Noah Feldman's "Orthodox Paradox" article in the NY Times Magazine a few weeks ago came before this blog was active, and I saw no particular need to enter the fray - especially as it didn't occur to me that the fray would be so protracted. Well, I was certainly wrong about that one, wasn't I! For a re-cap of the whole story, see Yair Sheleg's article in Haaretz today. (And, by the way, thanks to digg for circumventing the NYT's archive fee for us - but that's a subject for another day).
A synopsis of the re-cap of the story: Professor Noah Feldman of Harvard Law School, ueber-polemist, published an article slamming the Modern Orthodox community in which he was raised for its paradoxes as it strives to combine tradition and modernity; he muddied the water or spiced the feast, depending on your perspective, by intertwining his own personal saga into his article: he's married to a non-Jew, and is having problems with the tensions this causes with some of his previous world-mates. The article launched a hurricane of responses. Here is the particularly eloquent response of Rabbi Norman Lamm. My impression is that this is THE STORY of the summer in the world of American Jewry.
And that is an interesting illustration of the real, and perhaps widening, gap between the Jews of Israel and America. Until Sheleg's article this morning there was no public awareness of any of this in Israel - nor will there now be any excitement. Sheleg, one of the more interesting and serious journalists at Haaretz, picked up on the story partially because he was in the States recently. He reported, some people read, and life goes on as usual. You could say this is a sign of Israeli insularity (or some harsher word), but I think it's deeper than that. Being actively Jewish in America is much more a decision (or a never-ending series of decisions) than it is in Israel, and therefore Feldman's discussion of the tension between personal decisions and communal cohesion is so potent (radioactive?) there, but not here.

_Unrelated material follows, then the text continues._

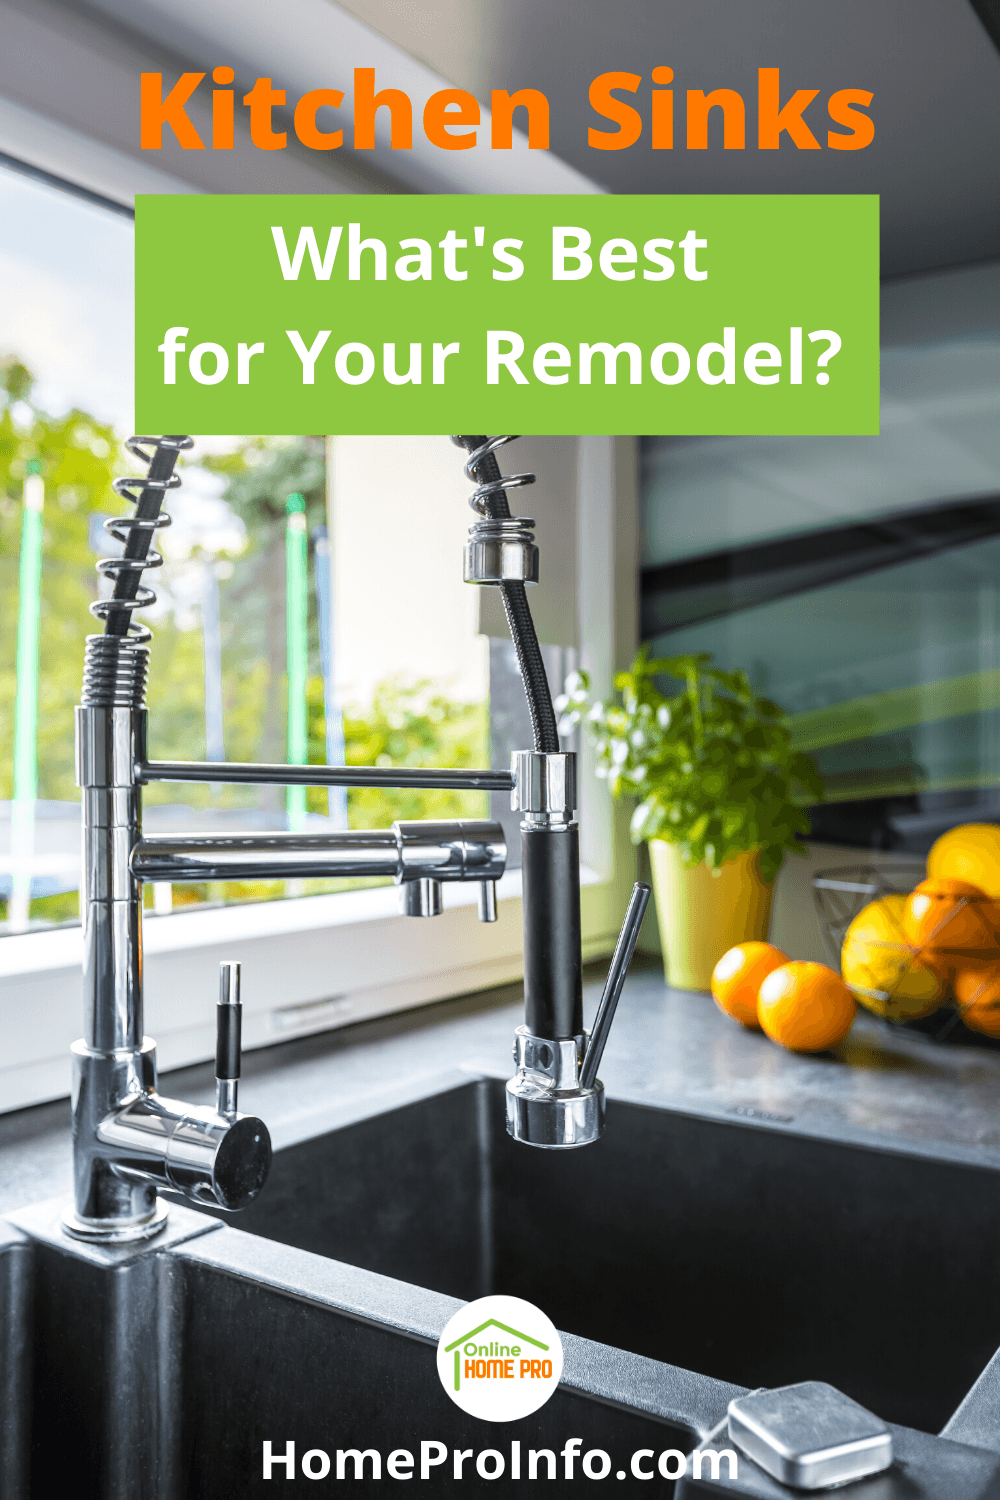 kitchen sinks and remodeling

When I first read his article, back when it was published and before the hurricane, my response was warmly to recommend it to my wife because of the compelling way he described the importance of Jewish learning as a formative influence in his life. Now that's an issue that's relevant to the Israeli scene, where broad sections of the society may be willing literally to die for their Jewish state, but are abysmally ignorant of the wealth of their culture. Feldman could easily teach them.